The survey part seems pretty comprehensive, but I wasn’t satisfied with his ability to distinguish the valuable parts (although he did a good job of ignoring the politicized rants that plague many discussions of this subject).
For nearly the first 200 pages of the book, I was mostly wondering whether the book would address anything important enough for me to want to read to the end. Then I reached an impressive part: a description of an objective IQ-like measure. Hernández-Orallo offers a test (called the C-test) which:
- measures a well-defined concept: sequential inductive inference,
- defines the correct responses using an objective rule (based on Kolmogorov complexity),
- with essentially no arbitrary cultural bias (the main feature that looks like an arbitrary cultural bias is the choice of alphabet and its order),
- and gives results in objective units (based on Levin’s Kt).
Yet just when I got my hopes up for a major improvement in real-world IQ testing, he points out that what the C-test measures is too narrow to be called intelligence: there’s a 960 line Perl program that exhibits human-level performance on this kind of test, without resembling a breakthrough in AI.
The book provides rigorous analysis of some aspects of the AI foom debate. At least one subset of intelligence requires exponentially increasing resources for linear gains in an objective measure of that subset of intelligence. His overall claim is obviously too narrow to say anything conclusive about foom. The argument made me somewhat more confident that foom is only plausible in the presence of significant hardware overhang. But the book also convinced me that hardware overhang is more likely than I previously believed.
His measures seem sufficiently IQ-like that I believe his argument implies that exponentially increasing resources are generally needed for linear increases in IQ. Unfortunately, linear gains in IQ don’t imply anything simple about gains in ability at world domination.
Hernández-Orallo complains about Bostrom’s lack of rigor in Superintelligence. Most authors would be making selective demands for rigor if they made that complaint, but Hernández-Orallo seems fairly consistent about wanting to focus on rigorous analysis, even when that implies not tackling the most important problems we face.
He mentions that compression is similar to intelligence, but claims it isn’t an adequate measure of intelligence. His only clear counter-example is that some algorithms produce better lossless compression than humans, without being more intelligent than humans. I find that unconvincing: humans don’t try to do lossless compression as well as they do lossy compression, so it’s hard to evaluate human compression abilities in ways that are both fair and rigorous.

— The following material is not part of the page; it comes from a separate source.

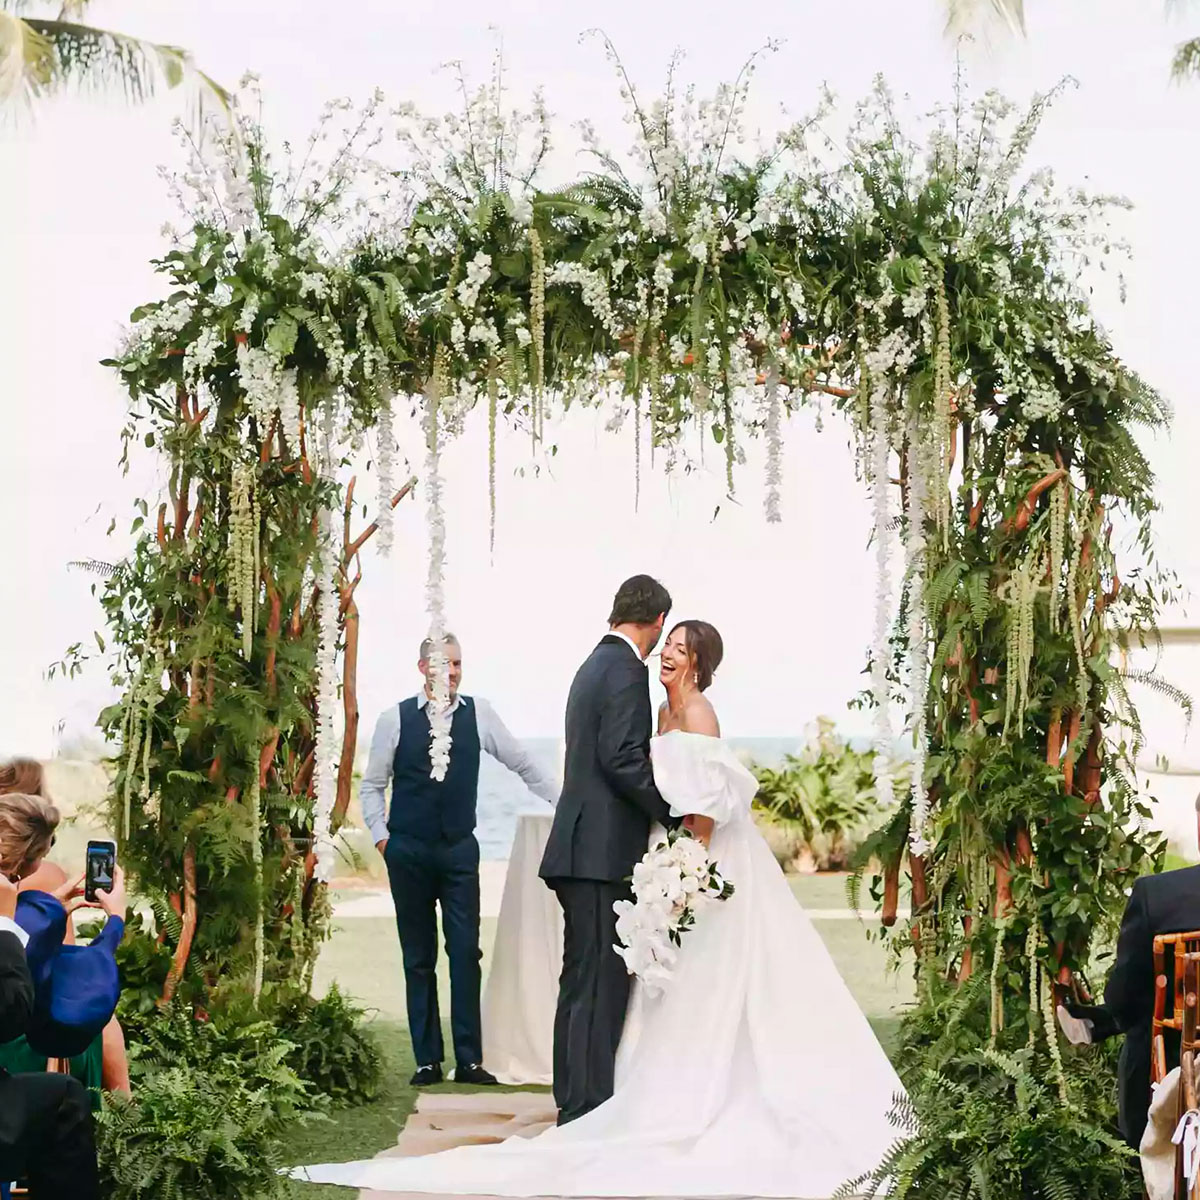 Wedding arch garlands by Adriana Rivera on Thursd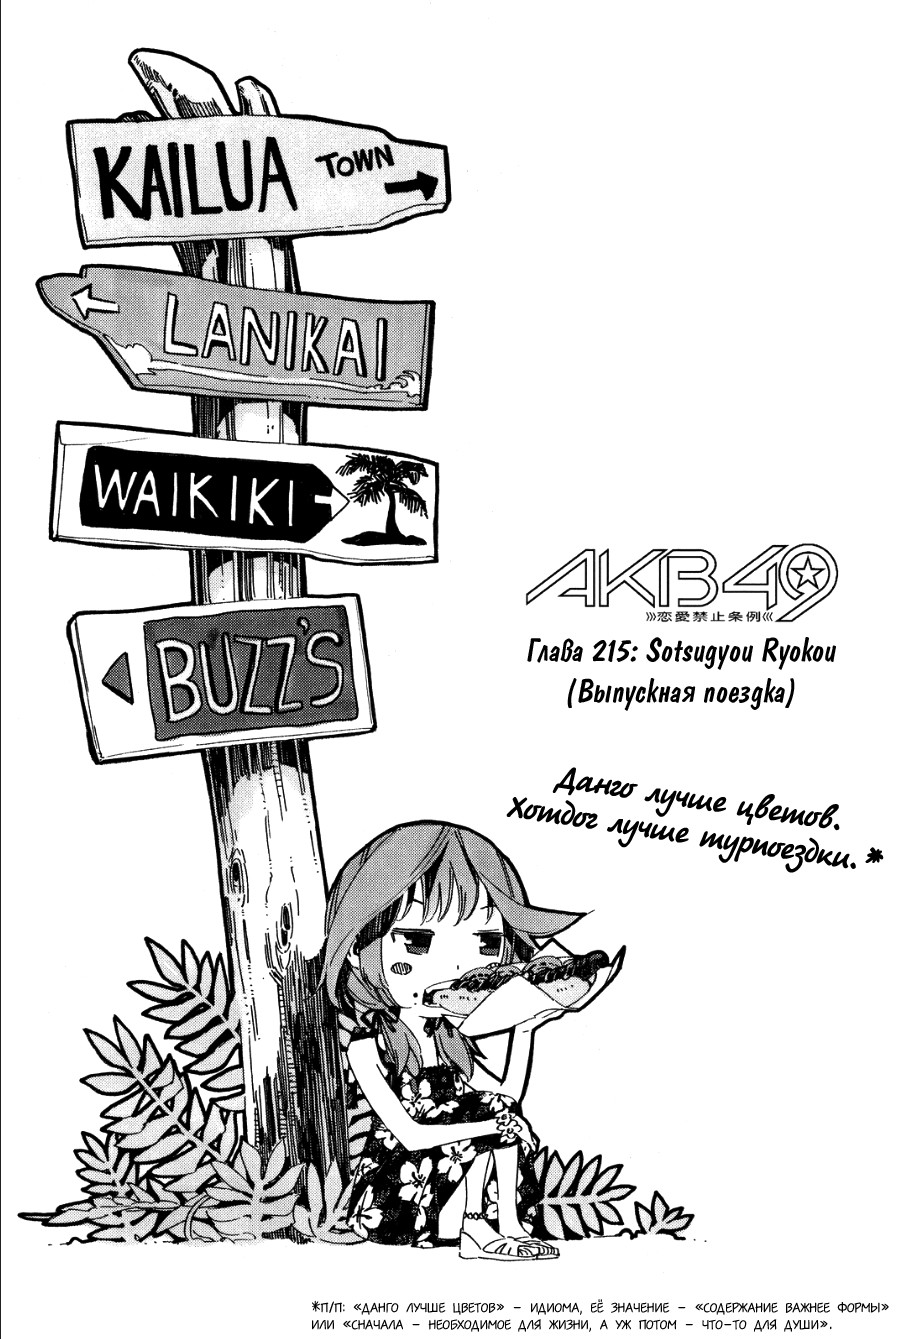 AKB49: Правила против любви 24 - 215 Sotsugyou Ryokou (Выпускная поездка)

I have vague hopes that someone can find a good way to objectively measure human compression abilities, but it’s unclear whether that would be worth the effort.
The farther Hernández-Orallo strays from his areas of expertise (which isn’t often), the less convincing he sounds. For example, he suggests that robot waiters will learn how to get higher tips from customers. That assumes a rather strange model of why tipping happens; I predict that tipping will be obsolete in restaurants without human waiters.
Some other interesting ideas that I’m too busy to discuss now:
- He conjectures that, contrary to Spearman’s law of diminishing returns, minds in general (i.e. typical AIs) will show a higher g-factor as their intelligence increases.
- Graphs of crowd IQ as a function of crowd size.
- This paper claims that
High general intelligence has independently evolved at least four times, with convergent evolution in capuchins, baboons, macaques and great apes.
The book clarified my knowledge of intelligence testing, and slightly improved my understanding of what intelligence is. It’s essential reading for a rather narrow set of people.
 – I use the term “arbitrary” there to distinguish undesirable biases from the cultural biases toward abstract thought (which belong in IQ tests), and possible biases toward test subjects who are motivated to score well (that’s a messy subject, and mostly beyond the scope of the book).